Alessandra Colonna, Ceo di Bridge Partners® , ci racconta le sfide insite nel lavorare nel campo delle soft skill.
Fare formazione e assessment sulle soft skill comporta sfide e complessità diverse rispetto alla formazione su competenze tecniche o di dominio?
Certamente alla formazione tecnica, già di per sé complessa, nel caso delle soft skill, si aggiunge una ulteriore complessità. Usando le parole della Prof. Barbara Imperatori per spiegare in sintesi questo fenomeno:
"La socialità che caratterizza la nostra cultura ha in parte rallentato processi più strutturati di codifica e sviluppo di competenze manageriali relazionali, che spesso sono considerate un tratto caratteriale e psicologico naturale. La complessità attuale dei contesti organizzativi sta mettendo in luce le debolezze di questo modello manageriale"
Alle soft skill oggi viene attribuito un grande valore, anche in relazione al rapido mutamento dei domini tecnici. Questa consapevolezza è stata maturata a tutti i livelli coinvolti – formatori, imprenditori, specialisti in risorse umane, learners – o ci sono differenze? Su quali fasce sarebbe particolarmente necessario agire?
Credo che in generale venga attribuito un certo valore sulla carta alle soft skill, ma dubito che questo poi si traduca in investimenti a sostegno del loro sviluppo. Trovo ci sia una situazione a macchia di leopardo: intanto per ragioni culturali, la nostra tradizionale impresa di famiglia, fondata sull’originale felice intuizione del fondatore e sulla cultura del fare, nutre ancora molta diffidenza su queste tematiche. Non voglio stigmatizzare questo comportamento, mi limito a constatarlo.
In generale ci penalizza una traduzione un po’ maldestra: soft skill ossia accessorie. A ciò si aggiunga che spesso c’è una sorta di diffusa presunzione del top management circa il possesso delle competenze soft, che penalizza e contamina poi tutta l’organizzazione.
Dalla abilità innata al metodo appreso: le soft skill stanno di fatto diventando delle nuove tecniche da applicare?
Lo sono eccome. E’ una questione di consapevolezza e aziendalmente parlando di knowledge management. Le soft skill possono essere codificate: questo non con un approccio deterministico, ma semplicemente analitico.

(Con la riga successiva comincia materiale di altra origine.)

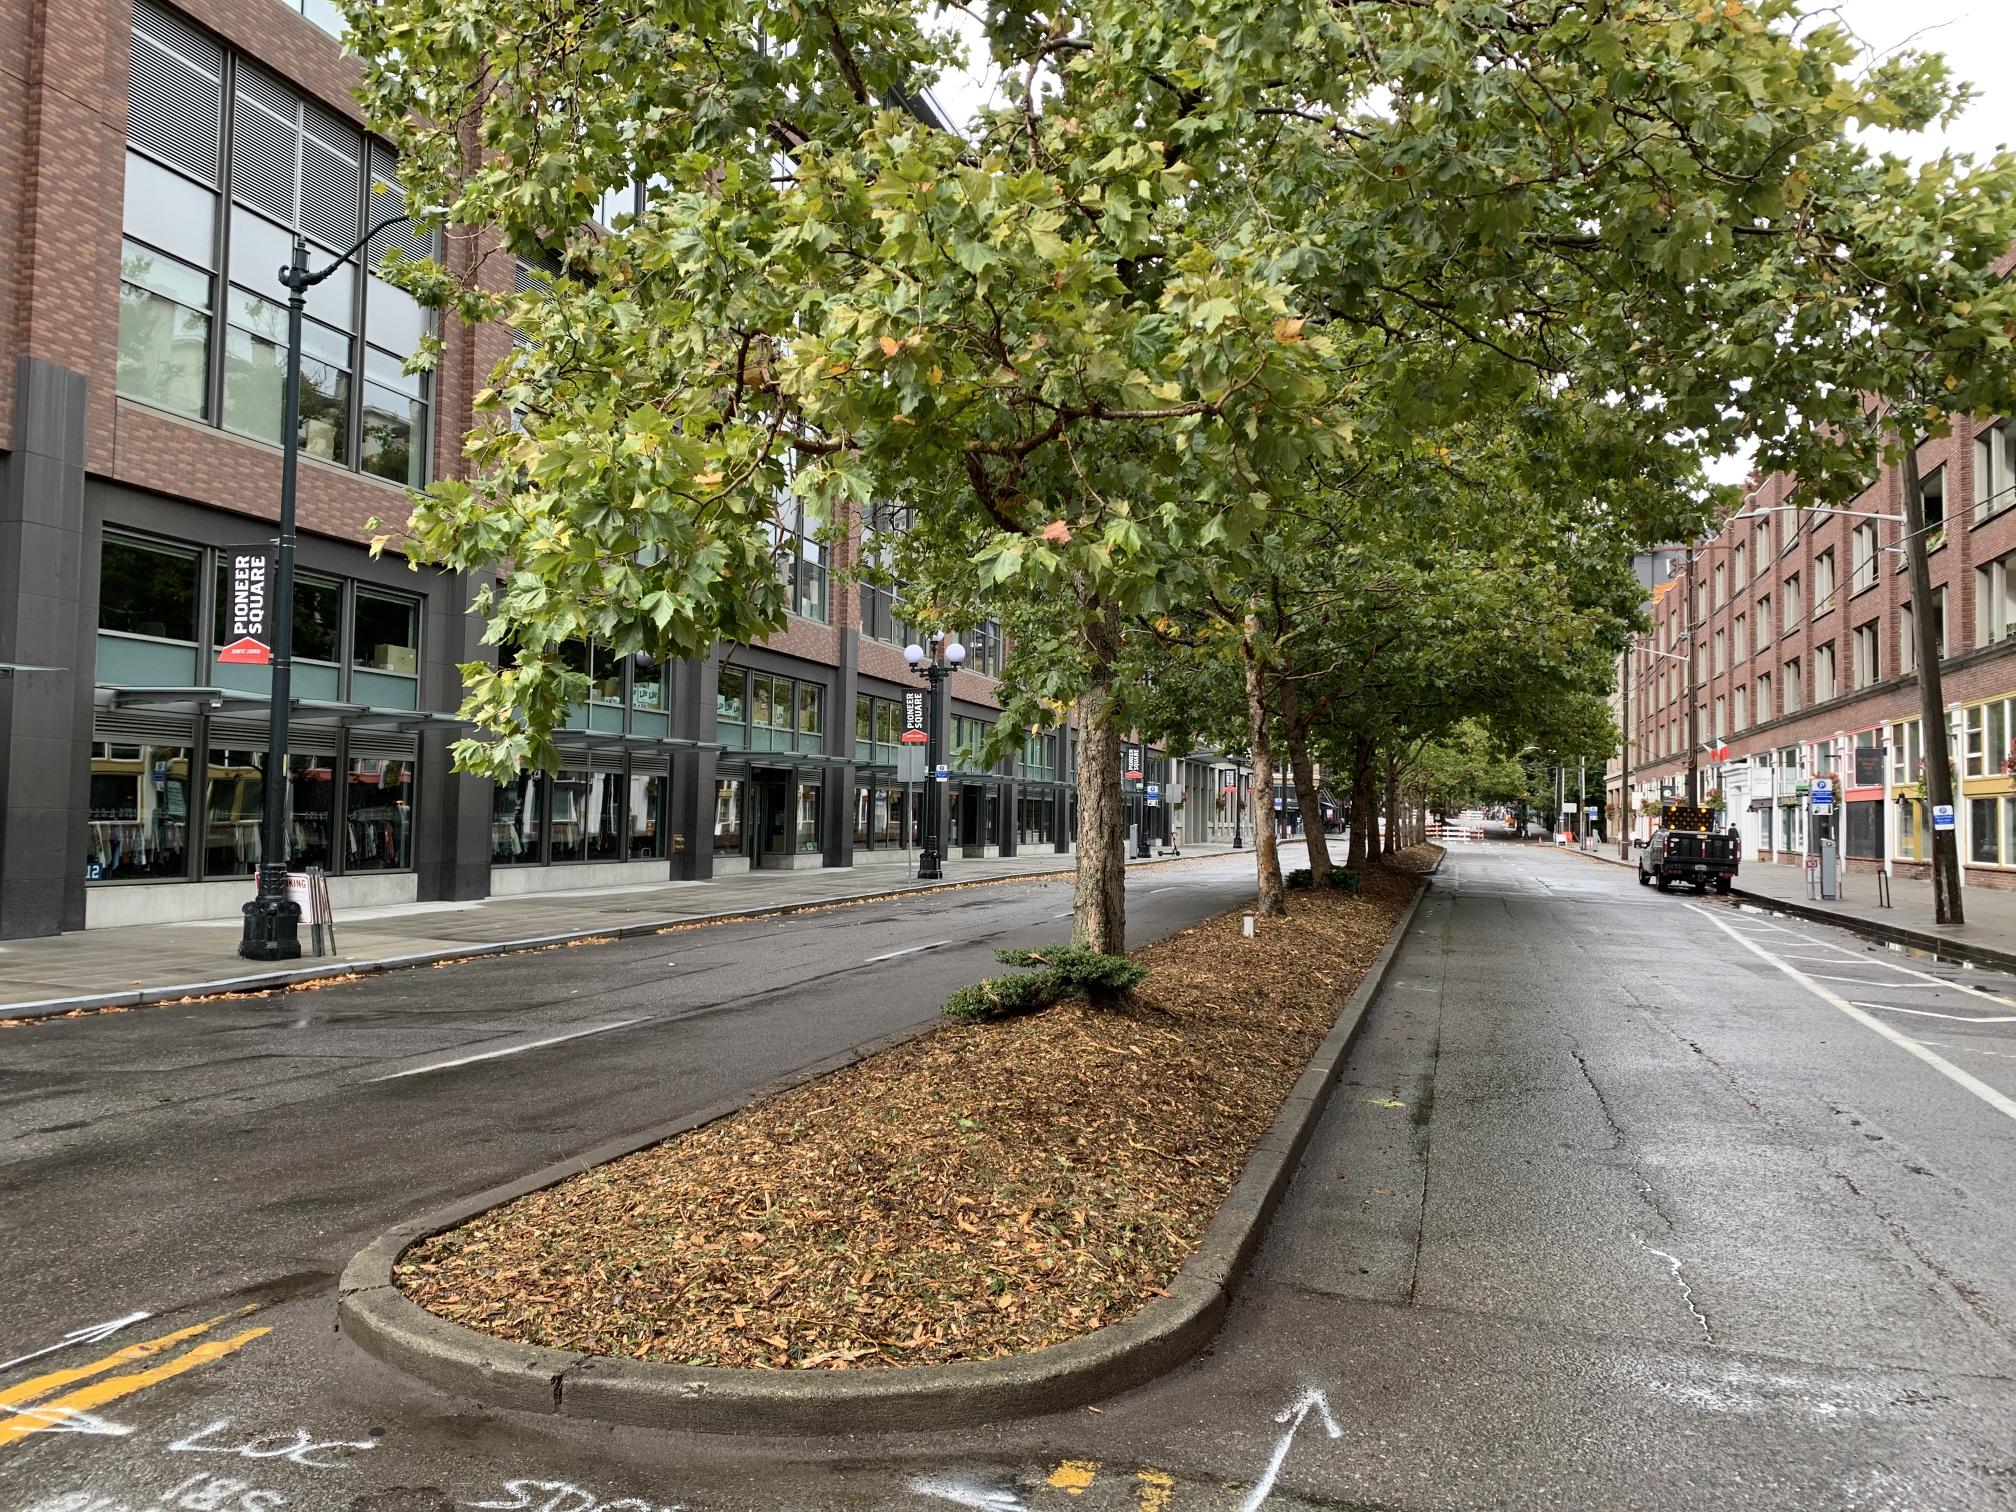 A roadway median with mulch woodchips and several trees sits at the center of 1st Ave S in Seattle's Pioneer Square neighborhood. Roadway, sidewalks, and large buildings are visible on both sides of the median.

Faccio un esempio. Prendiamo un manager in azienda, apprezzato per la sua capacità di comunicare o negoziare in maniera efficace. Se però non è consapevole di quali comportamenti pone in essere per risultare tale, non sarà in grado di trasmetterli ai suoi collaboratori. Gli effetti negativi per citarne alcuni: frustrazione nei collaboratori, perdita di know-how e aggravio di costi per l’azienda stessa che si dovrà avvalere di risorse esterne per sviluppare queste competenze.
Riconoscere le soft skills: quanto può essere a sua volta soft il processo di riconoscimento e attestazione delle soft skills? Servono percorsi formativi ad hoc, o piuttosto dei momenti di assessment indipendenti dalla formazione, che possano riconoscere le soft skills sviluppate dalle persone nelle loro diverse esperienze?
Se la formazione ha un carattere esperienziale, come nel caso nostro, diventa un efficace viatico di consapevolezza, e quindi consente di acquisire strumenti di autovalutazione e al contempo per migliorarsi. Un assessment esterno completerebbe il processo di valutazione rinforzandone l’oggettività.
Gli Open Badge sono attestazioni digitali, puntuali (“micro”), verificabili e che espongono in modo chiaro e semplice i criteri con cui vengono assegnate. Quali di queste caratteristiche li hanno resi particolarmente interessanti per la vostra attività?
Gli Open Badge rendono visibile in maniera semplice e immediata a tutti gli stakeholder le competenze acquisite grazie a un processo formativo unitamente al contenuto dello stesso. Facilità, fruibilità, semplicità: tre armi vincenti degli Open Badge a beneficio del mercato stesso del lavoro, dei suoi player e dei meccanismi di employability.